Диагноз: болезненная реакция на несправедливость
— Каким образом вы из специалистов по коммуникациям попали в благотворительность?
— Это просто должно было произойти, это для меня абсолютно органично. Я всегда была эмоциональным ребенком, в выписке от психолога из детского сада мне написали: «Болезненно реагирует на несправедливость».
Самое смешное, что в детский сад я ходила очень мало. Как они успели это понять, я не знаю. Потом школа, потом филологический факультет университета.
— Почему филфак?
— Я писала стихи, у меня было даже несколько книжек изданных. Представьте такого очень талантливого, напичканного знаниями и горой кружков с утра до ночи ребенка, при этом очень одинокого. Где же взять друзей, если у тебя куча комплексов, очень требовательные родители, комплекс отличника? Поэтому было одиночество и много стихов. Сейчас их все меньше, потому что нужно время и пространство внутреннее, чтобы что-то зацепить и сформулировать.
Филфак был органичен, я этого хотела. Родители всегда демократично относились к моему выбору. Вообще-то, у меня несколько поколений химиков в семье: мама — доктор химических наук, ученый с мировым именем, папа тоже химик-кандидат. Но никто не препятствовал и наоборот все помогали, только предлагали в Москву поступать. Но у меня был истовый патриотизм: казанская лингвистическая школа, Бодуэн де Куртенэ, как же я отсюда уеду? А еще — любимый город, любимые дома. Потом в какие-то моменты немного об этом сожалела.

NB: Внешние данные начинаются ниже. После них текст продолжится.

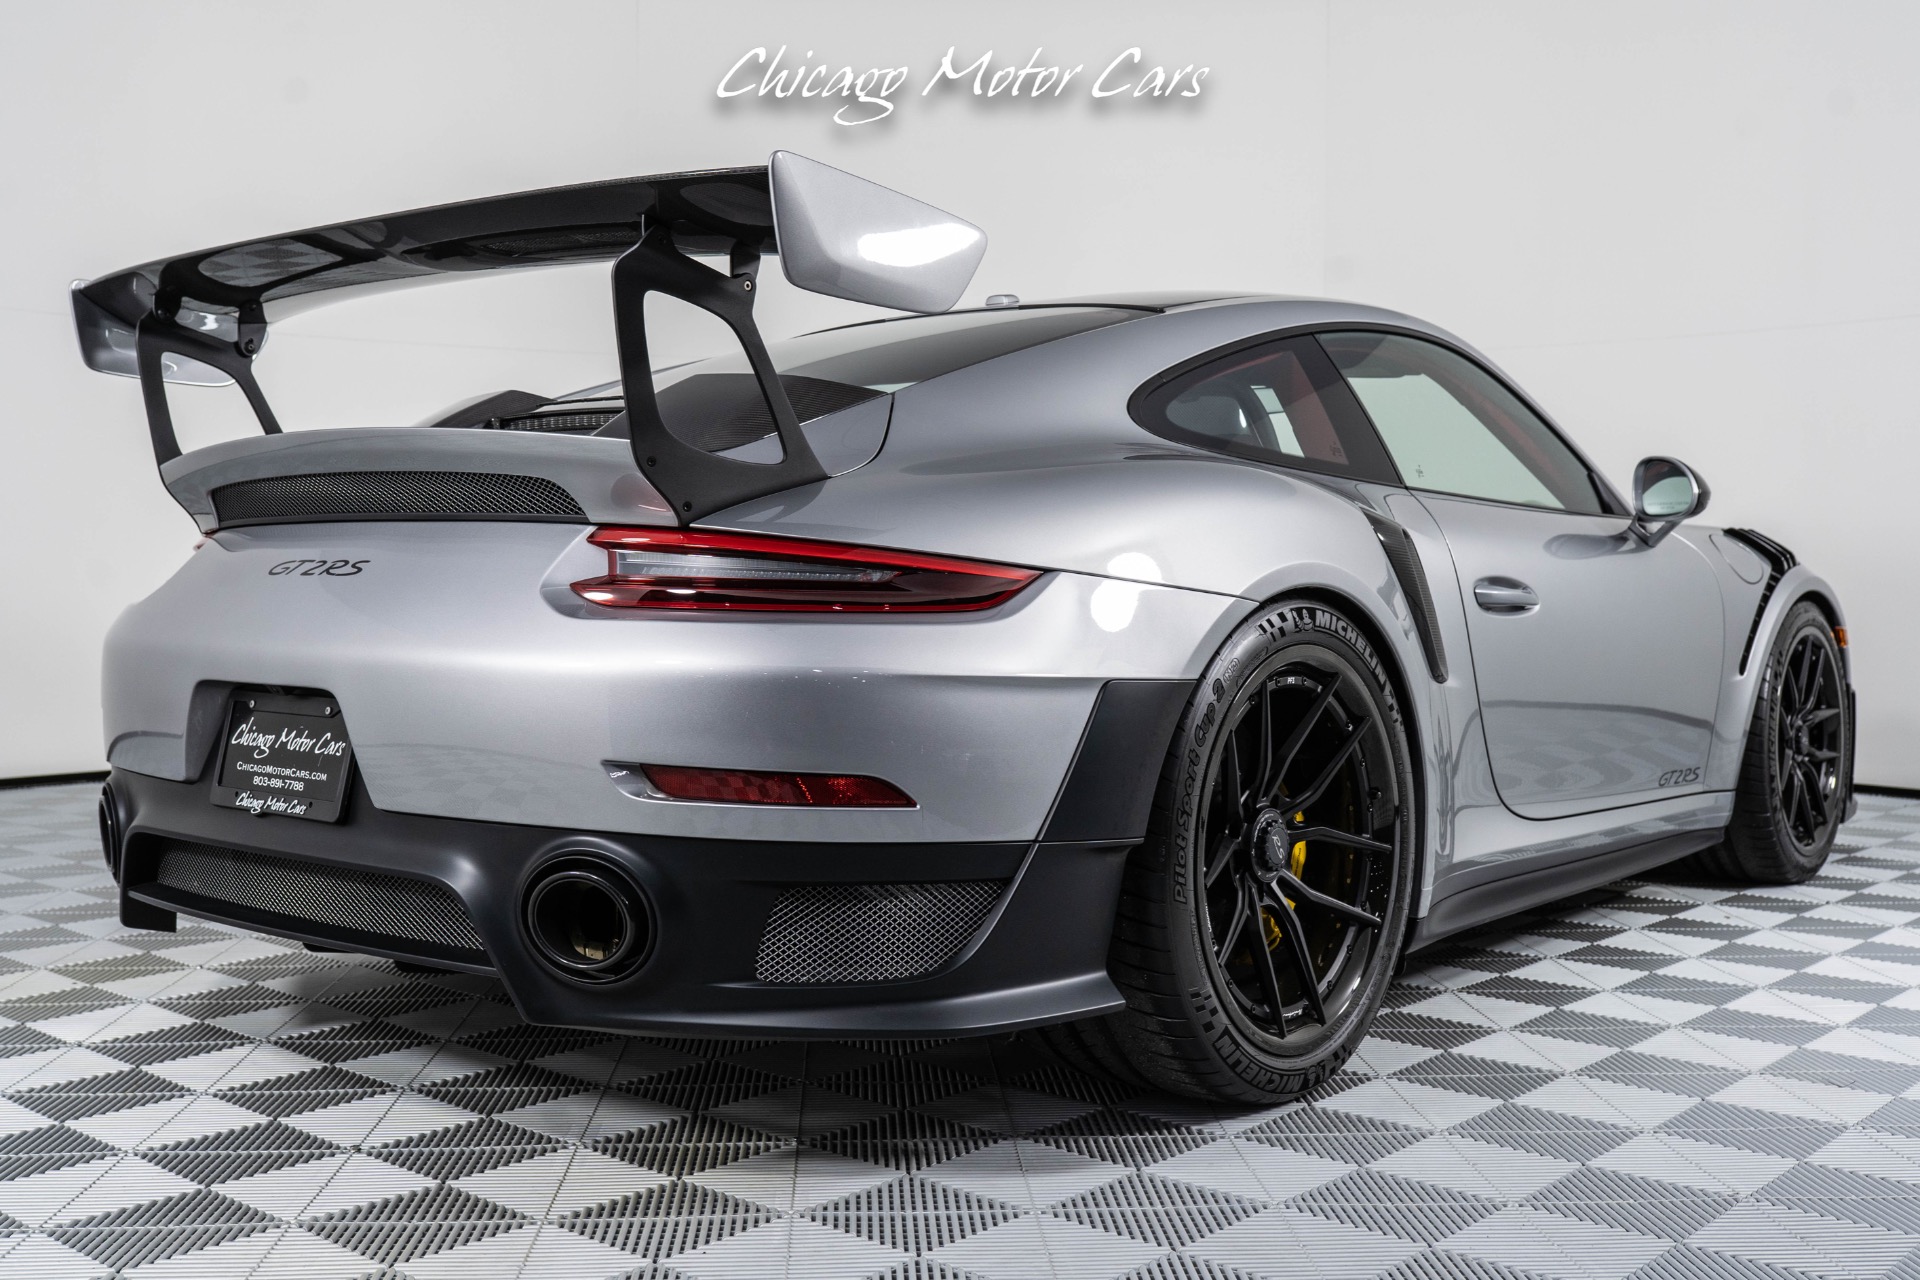 Used-2019-Porsche-911-GT2-RS-Weissach-Package-Full-PPF-VERY-LOW-MILES-Front-Lift-Loaded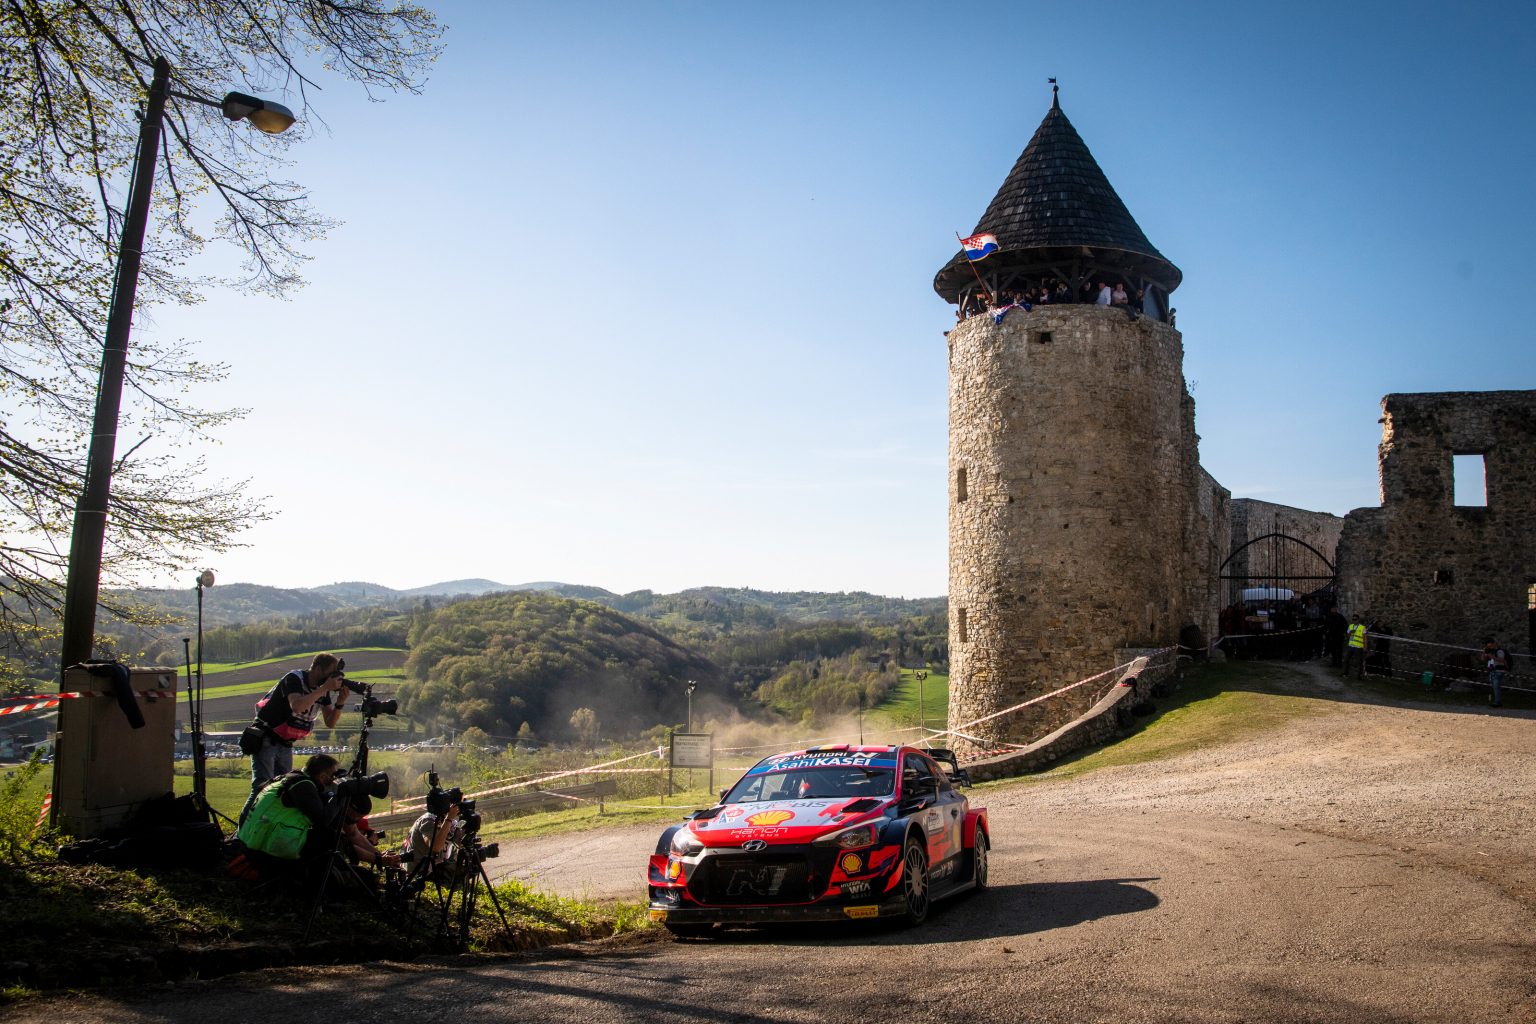 Thierry Neuville (BEL) and Martijn Wydaeghe (BEL) of Team Hyundai Shell Mobis perform during World Rally Championship Croatia in Zagreb, Croatia on April 24, 2021 // Jaanus Ree/Red Bull Content Pool // SI202104240176 // Usage for editorial use only //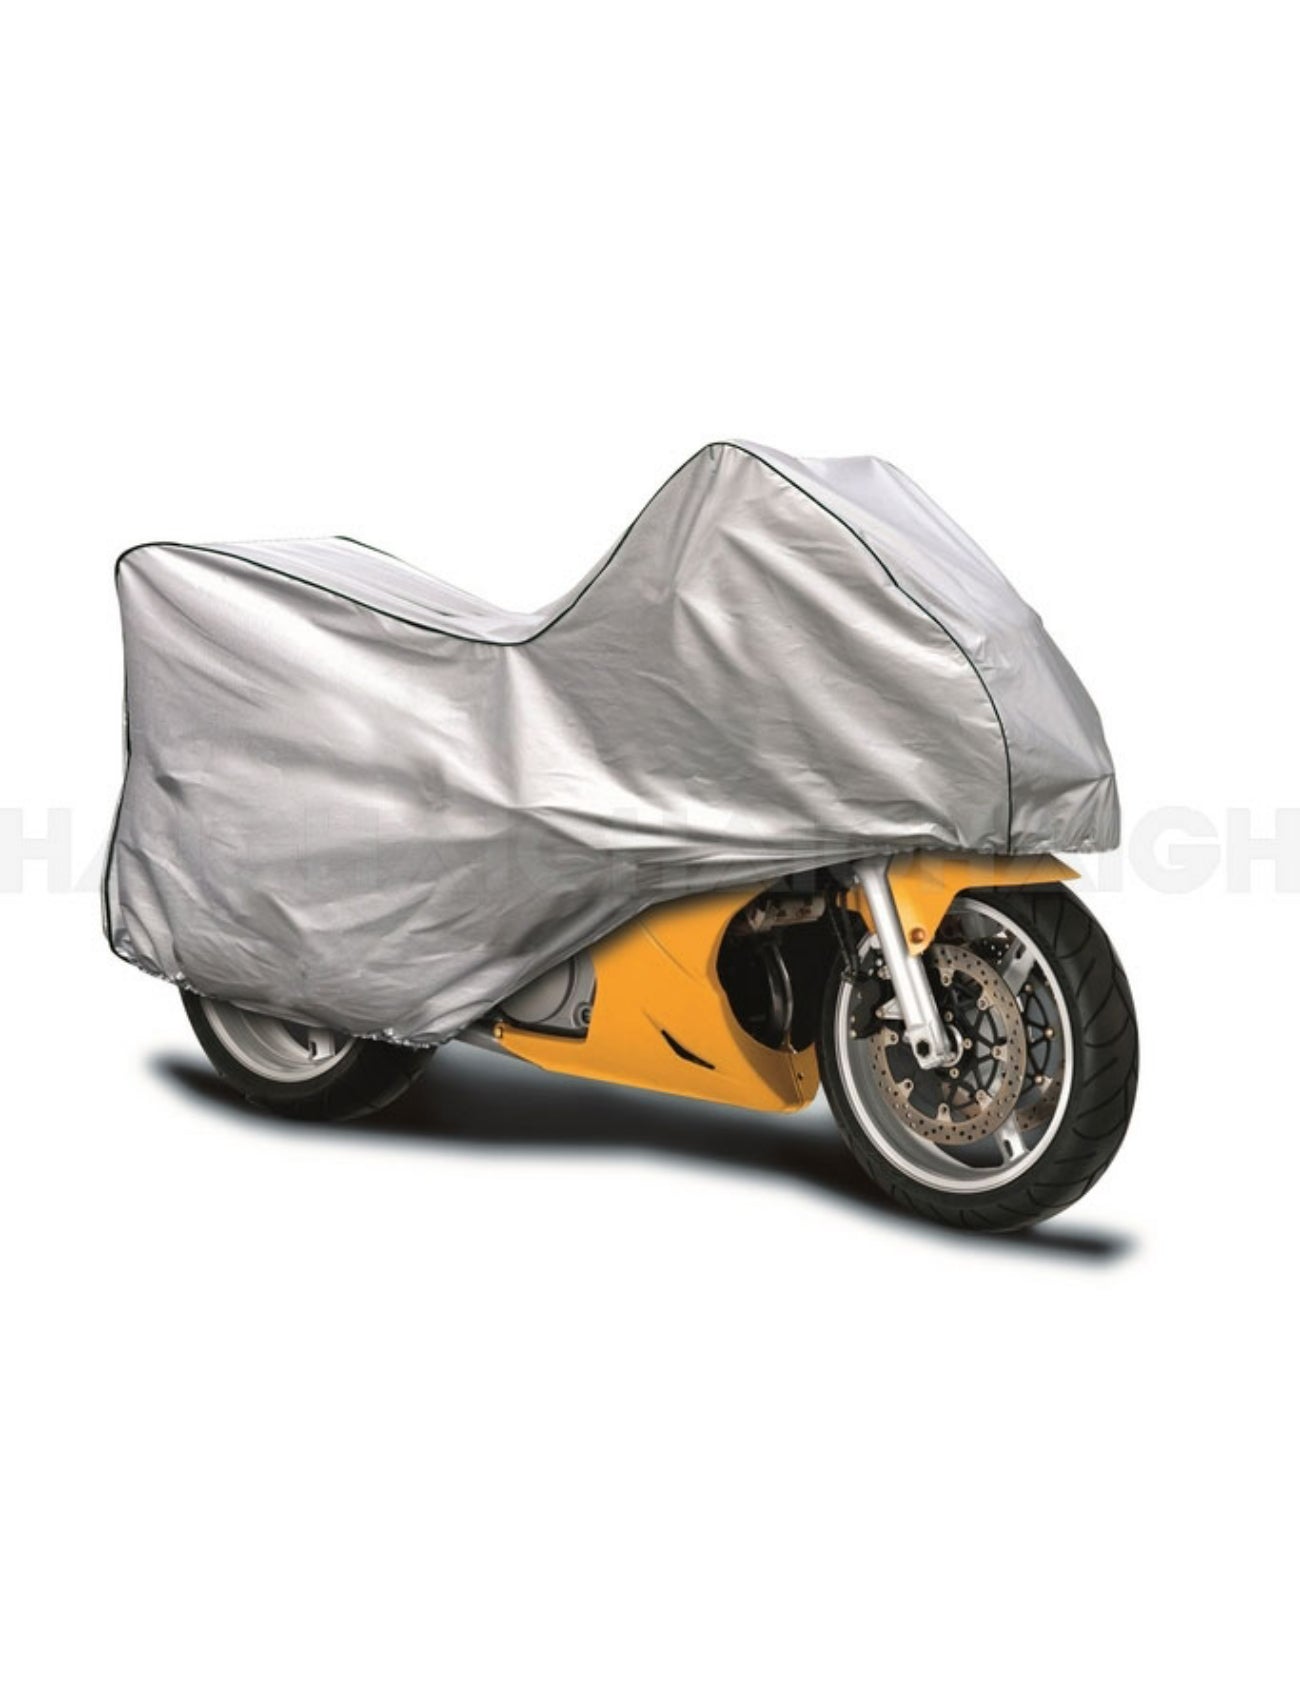 MOTORCYCLE COVER PRESTIGE TO 500CC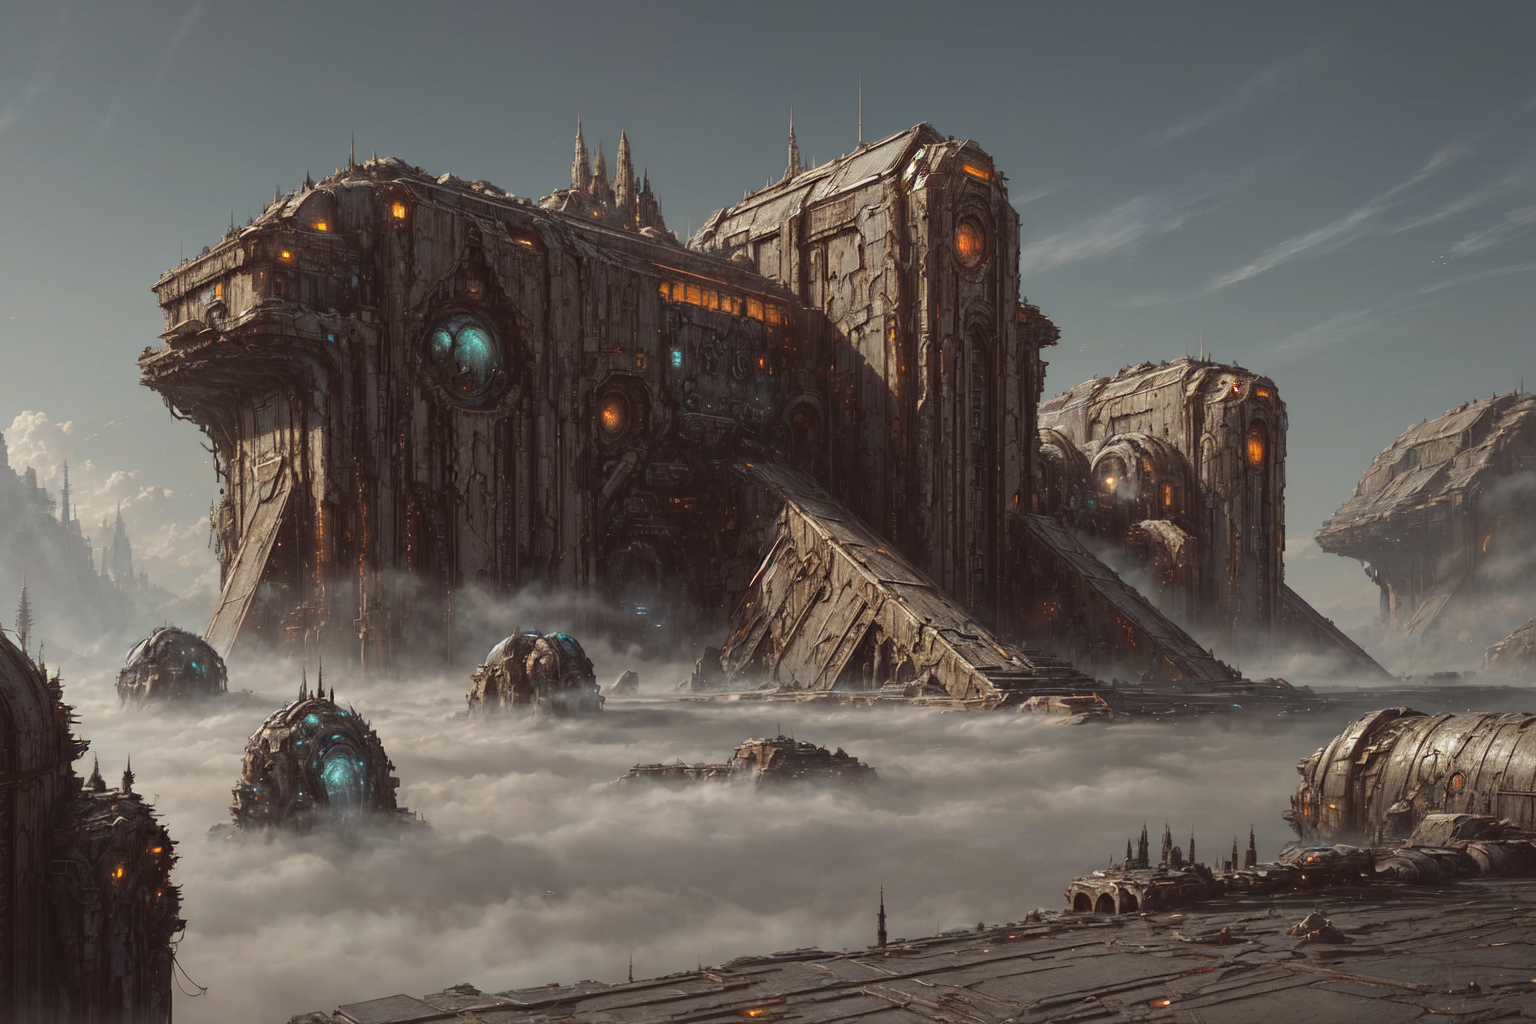 An Artistic Rendering of a Futuristic City with Ancient Ruins and a Building with Three Towers

— А в медицину не хотелось? Как раз про помощь людям.
— Конечно. И психологом очень быть хотелось, но в итоге не сложилось. На этом этапе никакой благотворительности не было в чистом виде, в первый раз я столкнулась с ней уже на работе. Моей первой настоящей работой было креативное агентство «Седьмое небо». Работая там, открыла ЖЖ и наткнулась на страницу волонтера фонда «Настенька». Я из тех, кто ходил с распечатанными реквизитами, вписывая дрожащей рукой сумму и имя ребенка. Потом был декрет, а потом — «Билайн». Я стала пиар-менеджером в Татарстане, это большой регион.
Примерно тогда же мы с моим сыном Левой попали в больницу, ему удаляли маленькую гемангиому, и в анализе крови как будто что-то было не так со свертываемостью крови. Нас попросили сходить на другой этаж больницы на консультацию к гематологу. Двери лифта открываются — и я понимаю, что нахожусь в онкогематологическом отделении казанской ДРКБ. Я ребенка к себе прижимаю, и читаю полузаговор-полумолитву: «Мы не здесь, мы не здесь, мы тут случайно на две секунды». Потому что я вижу детей без волос и в масках и понимаю, что я там, куда попасть страшнее всего. Помню, что выбегала оттуда пулей, захлопывала двери, даже в лифте нажала на не ту кнопку и уехала на другой этаж, в какой-то подвал. Страшный сон наяву.
Именно тогда я почувствовала, что мне туда надо вернуться по-другому — не со страхом. Я вернулась, когда мы, как компания, стали помогать Фонду имени Анжелы Вавиловой. Мы с коллегами пришли в онкогематологическое отделение под Новый год поздравлять детей, с горой желтых шаров. Мой коллега, начальник отдела продаж, был Дедом Морозом. Помню, как он вытирал слезы, когда мы ехали обратно. Это был очень эмоциональный опыт, хотя не совсем «мой»: я не смогла бы быть волонтером в больнице, я никогда не поеду в детский дом — это все намного больше меня. С этим фондом мы работаем до сих пор, он «подключен» к «Добру», это гордость и счастье — помогать им сейчас.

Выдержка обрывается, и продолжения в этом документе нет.